We used OBO ontologies, especially the GO and a mouse anatomy, the cell ontology and so on. We took portions of Uniprot and Bio2RDF. We also added in lots of experimental data to make the KUPKB.
We used lots of off-the-shelf ontologies to make the KUPKB and this is good. In places, however, we made our own and avoided some on-going efforts there are on-going efforst to standardise experiments, such as microaray, in rdf, but we couldn’t wait. We just wanted very simple questions to be answered. Much time in standards is devoted to edge cases and the time scales involved don’t match the project in question. Also, we are content to gloss over some of the niceties of the experiment as our users want just enough information to go and read the paper properly. We don’t actually need everything about the experiment in the computational knowledge at the moment, but this isn’t to say we won’t in the future. Of course, we’d happy to have it eventually, as it will almost certainly be useful at some point. This is, in essence, the case for application ontologies; they do what is necessary for an application setting, rather than being a reference for all to use and “refer” to for a normative view. This is not to say, however, that a reference ontology cannot be used in an application setting – though one might not use all of such an ontology.
The KUPKB is small for an RDF store, only around 20 million triples, and the RDF store has worked OK for us. Having to upload the whole set of triples in order to delete something is a pain. The advent of SPRQL has made querying easier, with the inclusion of aggregation. Ultimately, we’d like to keep the whole lot as OWL and use automated reasoners, but at the moment they are not really up to it in this setting.

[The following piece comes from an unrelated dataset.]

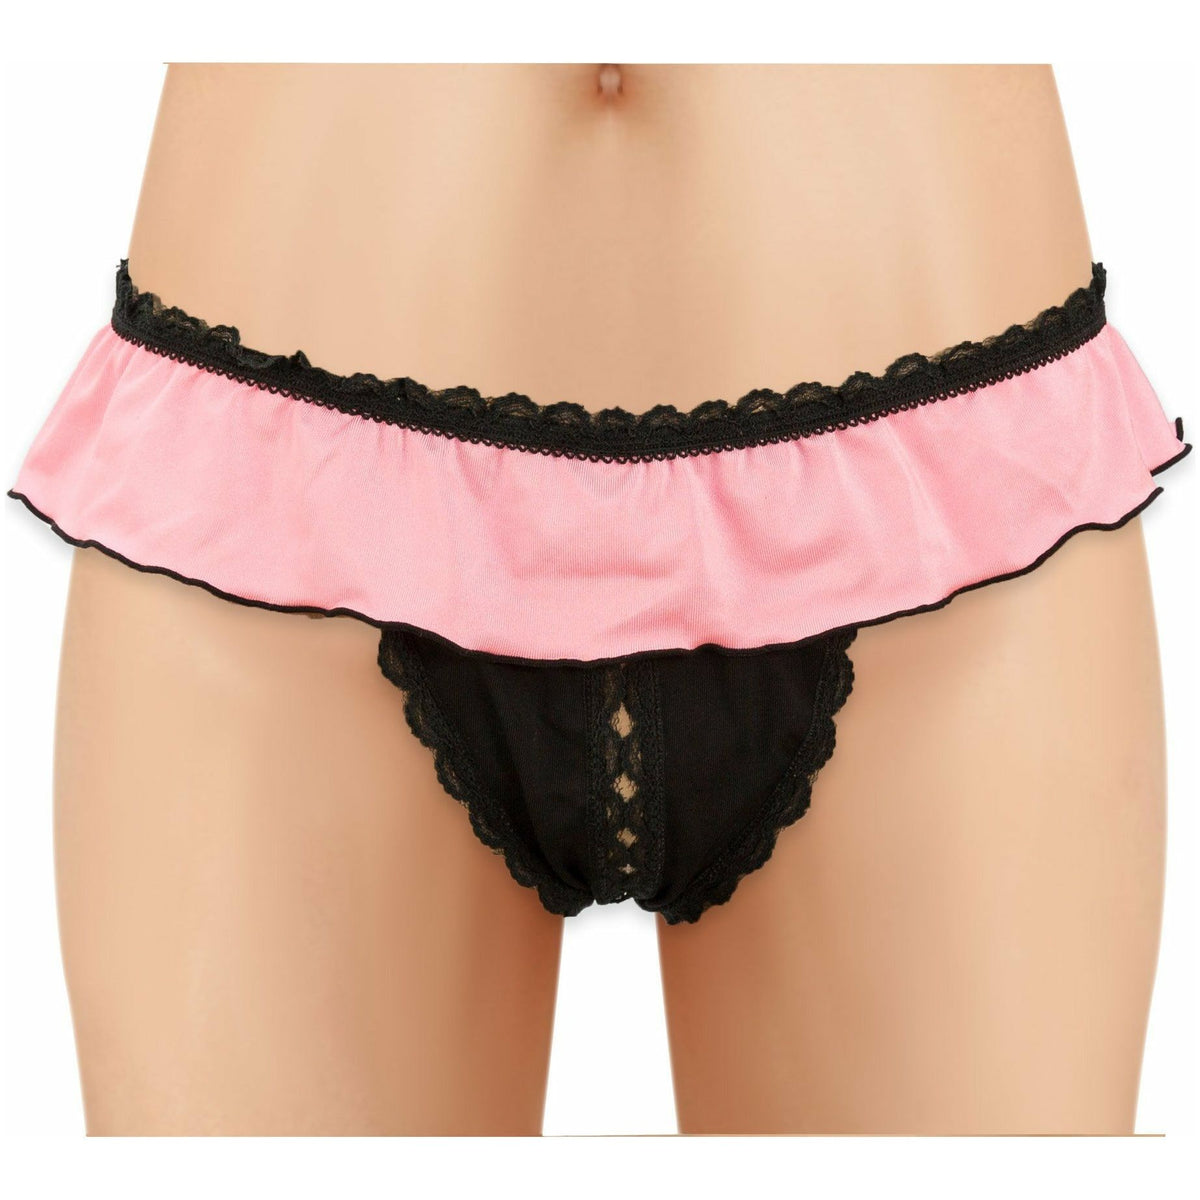 Black and Pink Crotchless Panty - O/S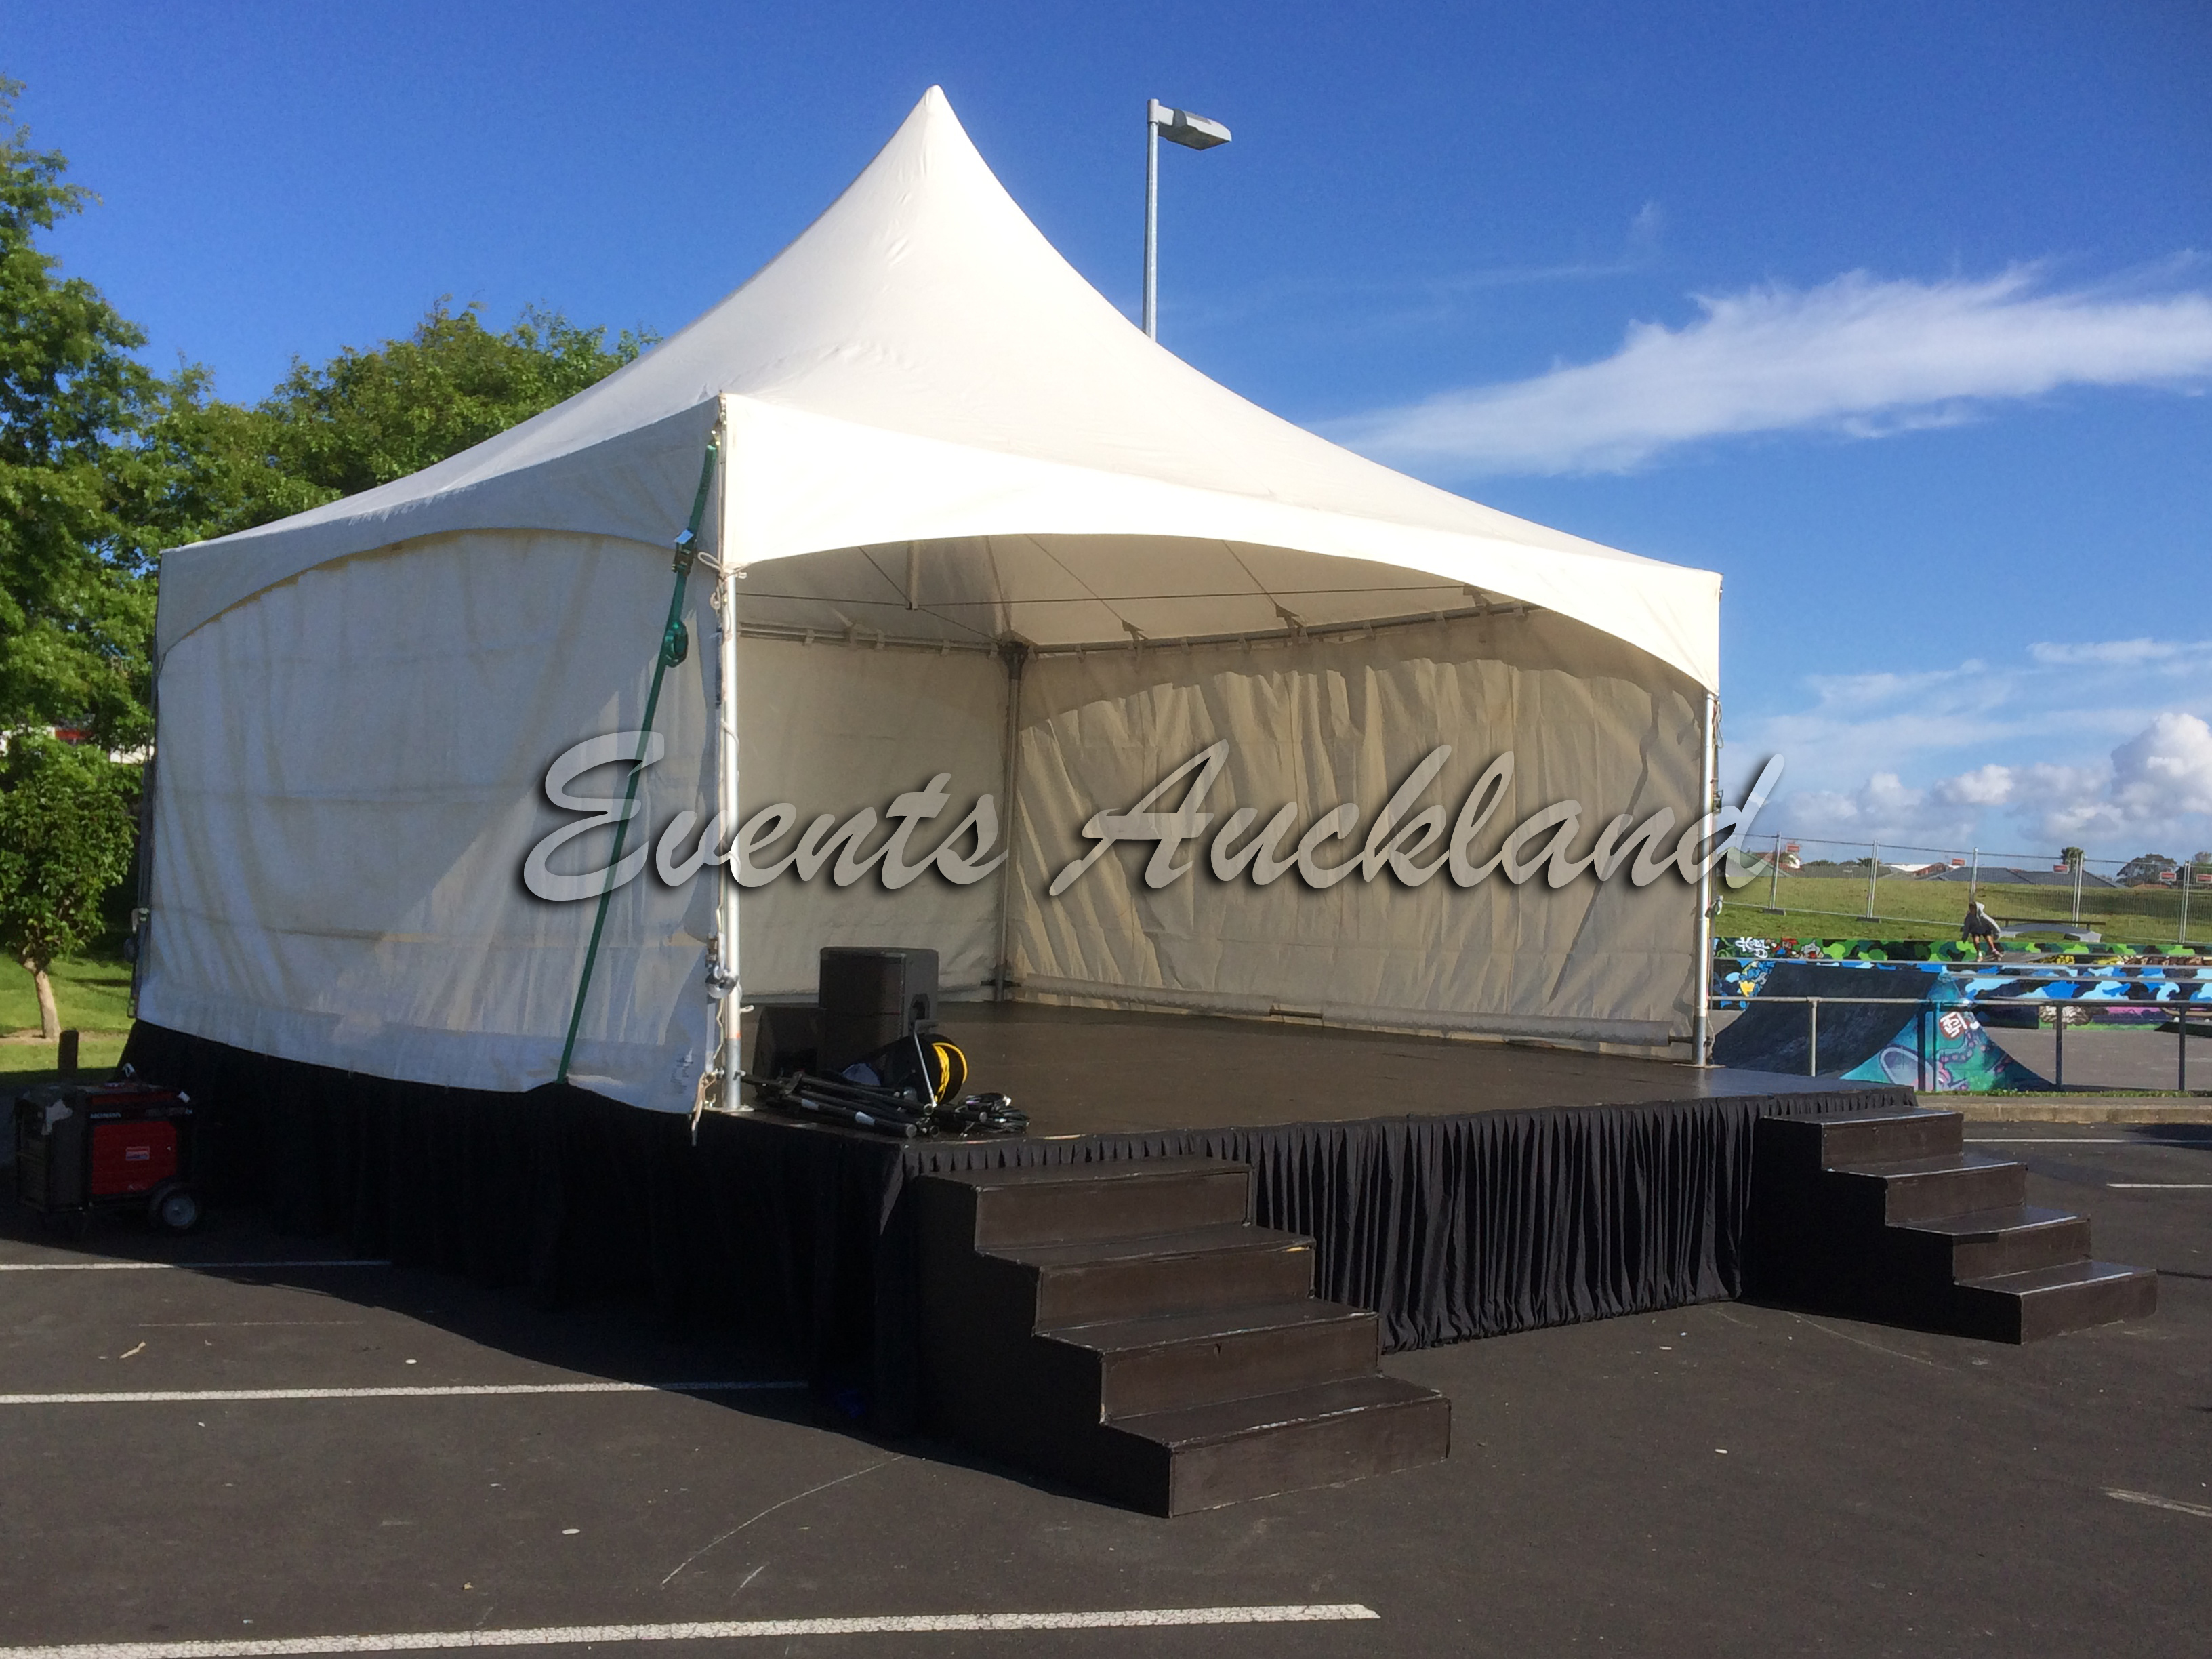 Events Auckland

We use automated reasoners on the KUPO, to put in the inferred subsumptions and to “check” it out; we’ve also reasoned over smaller portions of the KUPKB, like expereiments, to provide some reasonable queries. The iKUP application does use the OWL API to reason over a bit of the KUPO to help us out with some queries, but we can’t do it all.
the KUPKB is really a bespoke RDF KB; it hasn’t gone for size, which seems to be an aim of a lot of work at the moent. Instead, we’ve pulled together a bespoke set of information, as RDF, in order to meet a particular application need. In doing so, we’ve used portions of the large RDF publications, but not used them as the large publications. Also, as well as publishing some RDF, we’ve been determined to have it consumed as well. This means providing some kind of interaction with the KUPKB that isn’t just a SPRQL end point.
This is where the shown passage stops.